И снова переживал эти мгновения…

Нить будто бы связывает ее, меня, эту реку. Холодная вода несет меня, несет, куда? Не пропустить мгновения… Небо. Голубая пойма. И вот она… Ее платье, тени на лице от поднятой руки. Кажется, то, что надо: угадываю выражение ее лица, вижу нить, которая протянулась к ней. Нет, проще: на пологом холме, под ногами ее голубые заросли, над головой — неяркое небо, краски которого приглушены. Неяркий, почти серый день. Она в центре этой панорамы, где столько голубого и голубовато-серого соединилось для того, чтобы высветить ее фигуру. Все. Это мгновение я безошибочно выбираю. Самосиянное, оно не требует постороннего света. Я не спутаю его ни с каким другим. Если быть точным, то надо добавить подробности: резкий поворот головы, взгляд — вот она, рядом. Она все видит, поднимает руку, рядом с ней бежит мягкая тень. Солнце пересекает кромку облака.

Гроза и свет

Стук в окно. Я распахнул обе створки его и наугад, без промедления сказал:

— Жанна, я сейчас, подожди!

Она стояла на тротуаре, я не видел ее лица, но угадывал его выражение. Собрался, мимоходом глянул в зеркало, выключил свет — в комнате и кухне — миновал деревянную террасу, вышел в подъезд; налево — десять шагов и еще десять шагов по тротуару. Молча жму ее руку. Тогда в Москве телефоны были редкостью. Не потому ли мы чаще встречались?
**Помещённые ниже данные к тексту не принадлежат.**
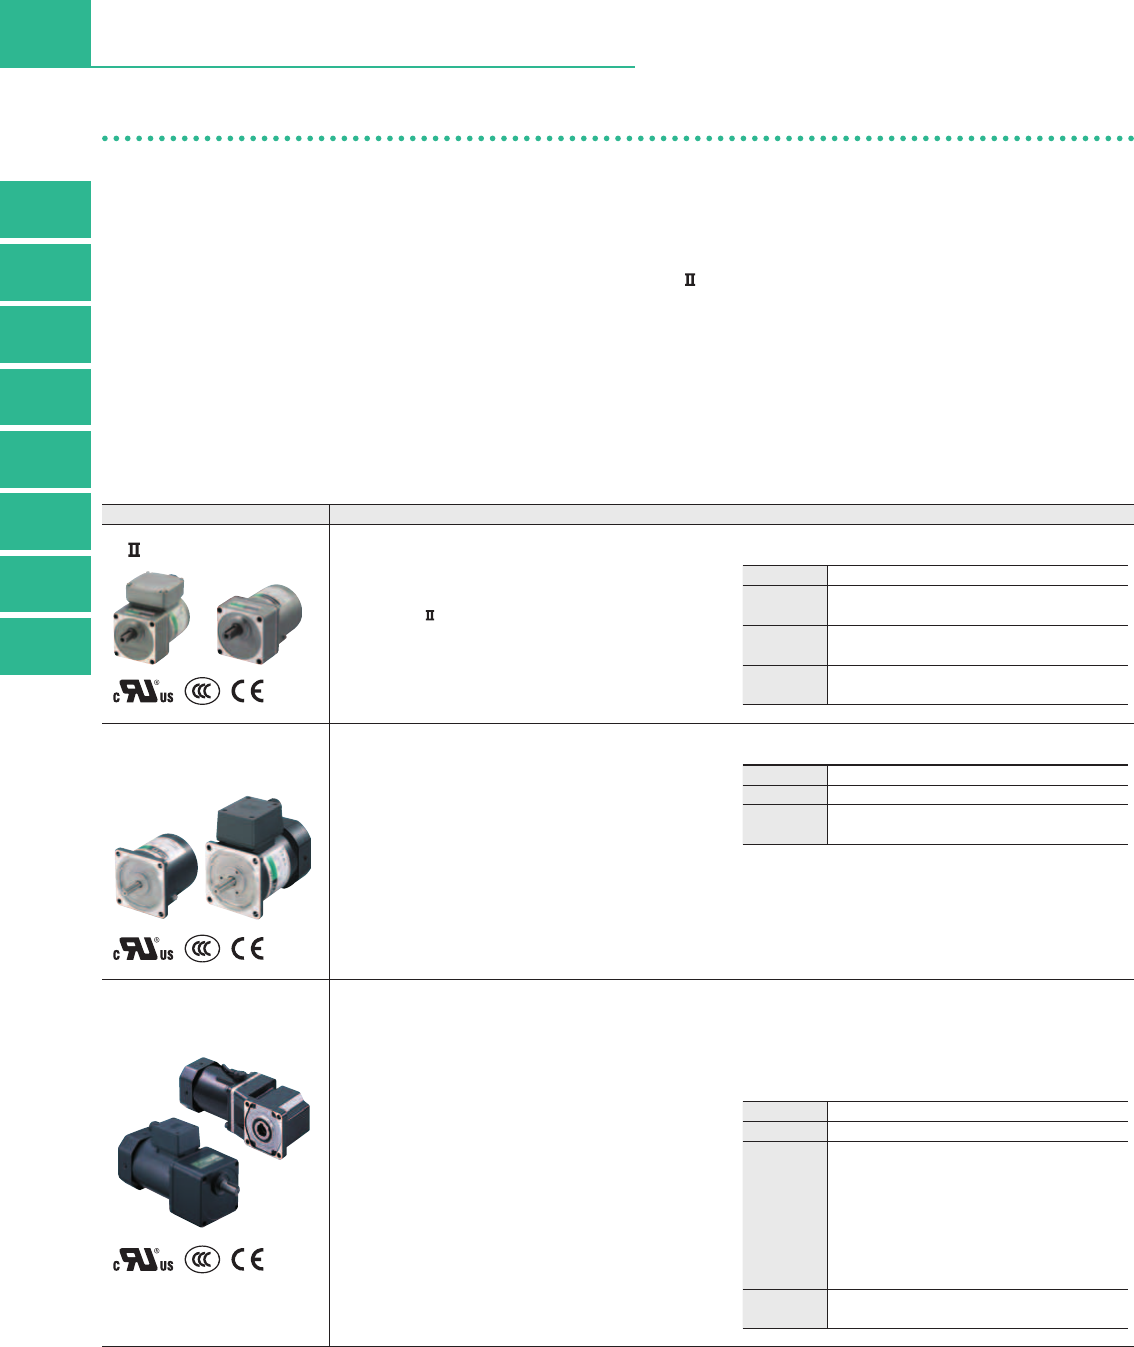 Flow Oriental Motors Kii Series World K Bh Single Phase Induction Motor Equivalent Circuit Diagram C 114
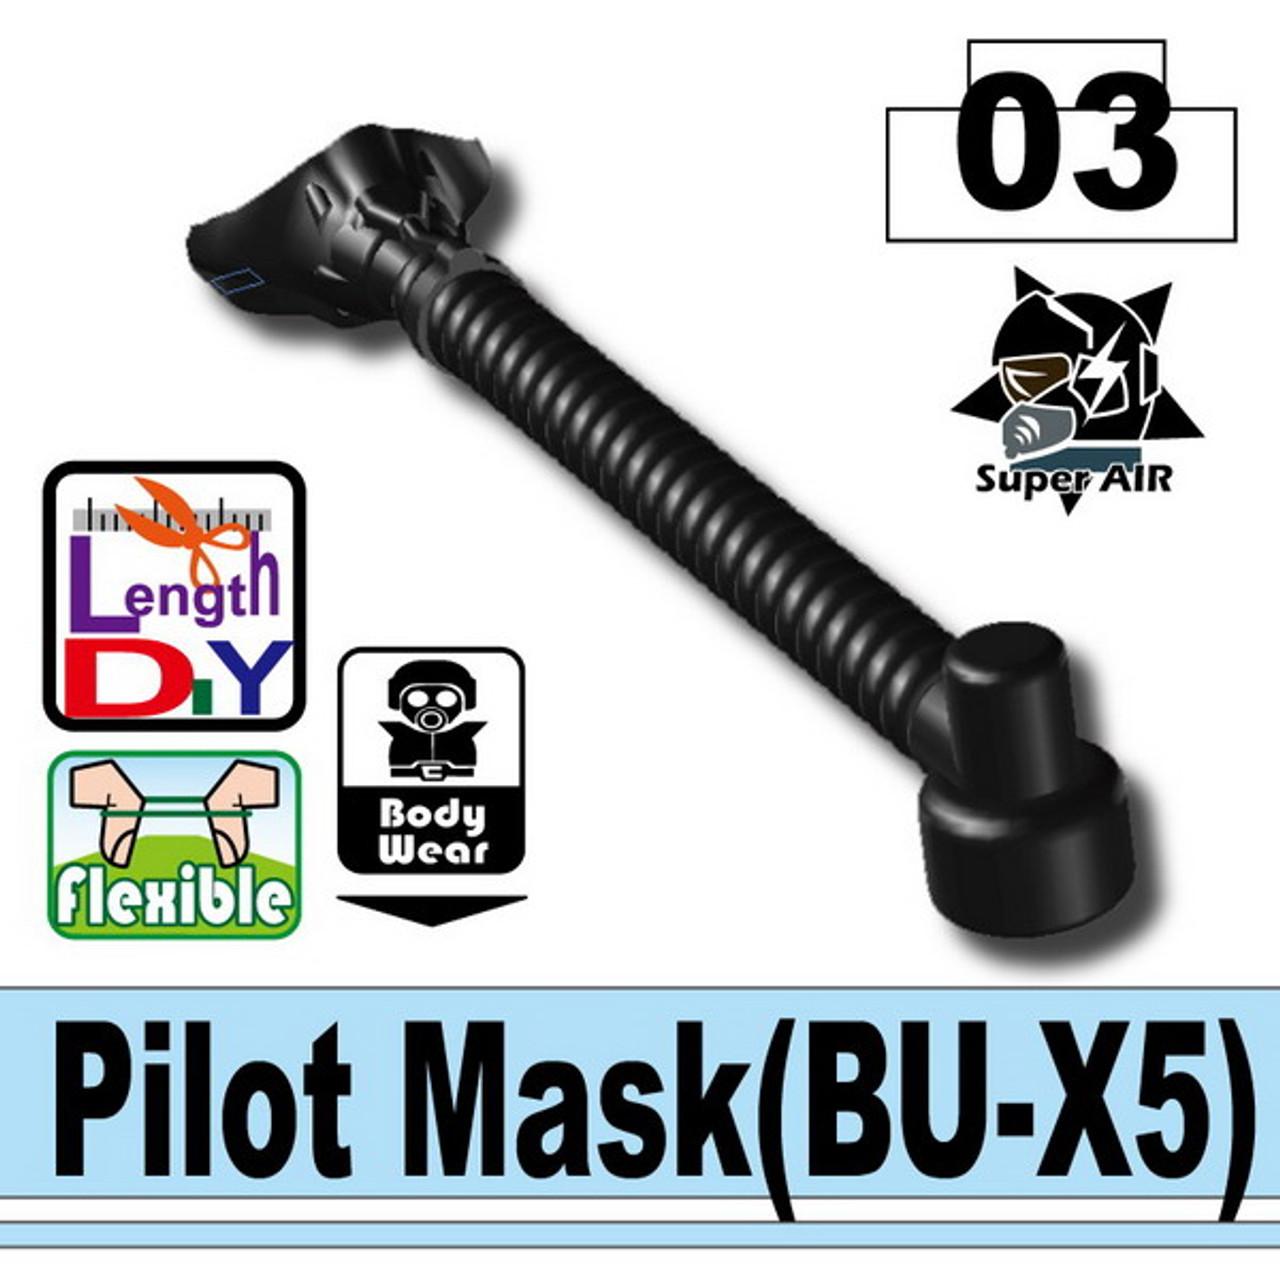 Minifig.Cat Pilot Mask (BU-X5)

Ответственная минута: окно нашей квартиры распахнуто, нужно ли возвращаться, чтобы закрыть его изнутри на задвижки? Мы совещаемся вполголоса. Я высказываю гипотезу, что скоро вернутся родители и родственники, затем закрываю одну створку, прикрываю вторую, и успеваю даже щелкнуть маленькой задвижкой этой второй створки, просунув руку в форточку. Не страшно. Никто не влезет в окно. Мы идем к Малой Андроньевской улице, застроенной такими же двухэтажными домами, как и Школьная, моя родная улица, бывшая Рогожская Ямская. Это широкие улицы, где много света, разница лишь в том, что Рогожская Ямская расположена так удивительно, что весной и осенью солнце висит над самой булыжной мостовой — и утром и вечером. Она тянется чуть ли не на километр строго по направлению восток — запад. У восточного ее конца, у бывшей Рогожской заставы, стоял раньше камень с выбитой на нем надписью: «До Москвы — две версты». На западе ее панораму замыкает такая же линия светлых двухэтажных домов с зелеными и красными крышами. За эту линию садится солнце и от нее на закате тянется густая тень, поглощающая простор Рогожской Ямской, серые камни мостовой, мой дом и два наших окна.

Вот и поворот на Малую Андроньевскую; этого места больше никто никогда не увидит: здесь лет через двадцать после того вечера построили новые дома — высокие, большие, белые, закрывшие своими одинаковыми параллелепипедами и простор, и свет солнца на закате, стершими память о прежней улице, названной так по Андроникову монастырю.

Монастырь остается у нас за спиной.

Через минуту откуда ни возьмись набежало темное облако. Редкий теплый крупный дождь. Ветер. Мы остановились под тополем. Несказанные минуты, которые я вспоминаю вот уже больше тридцати лет.

Что это вдруг случилось со мной? Я словно только что родился, я стал зорче, я вижу каждый камень блестящей влажной улицы, слышу звук каждой падающей капли. На небе еще остался закатный свет, и только над головой появилась туча, источающая звонкий ливень. Все это я замечаю. И до восторга, до радости отдается во мне каждый звук. Причудливо смешались последние краски заката с огнями города. Сначала налетел один шквал, потом второй, и вот еще сошлись сразу три шквала в одном порыве. Мимолетная гроза, вспышки молний…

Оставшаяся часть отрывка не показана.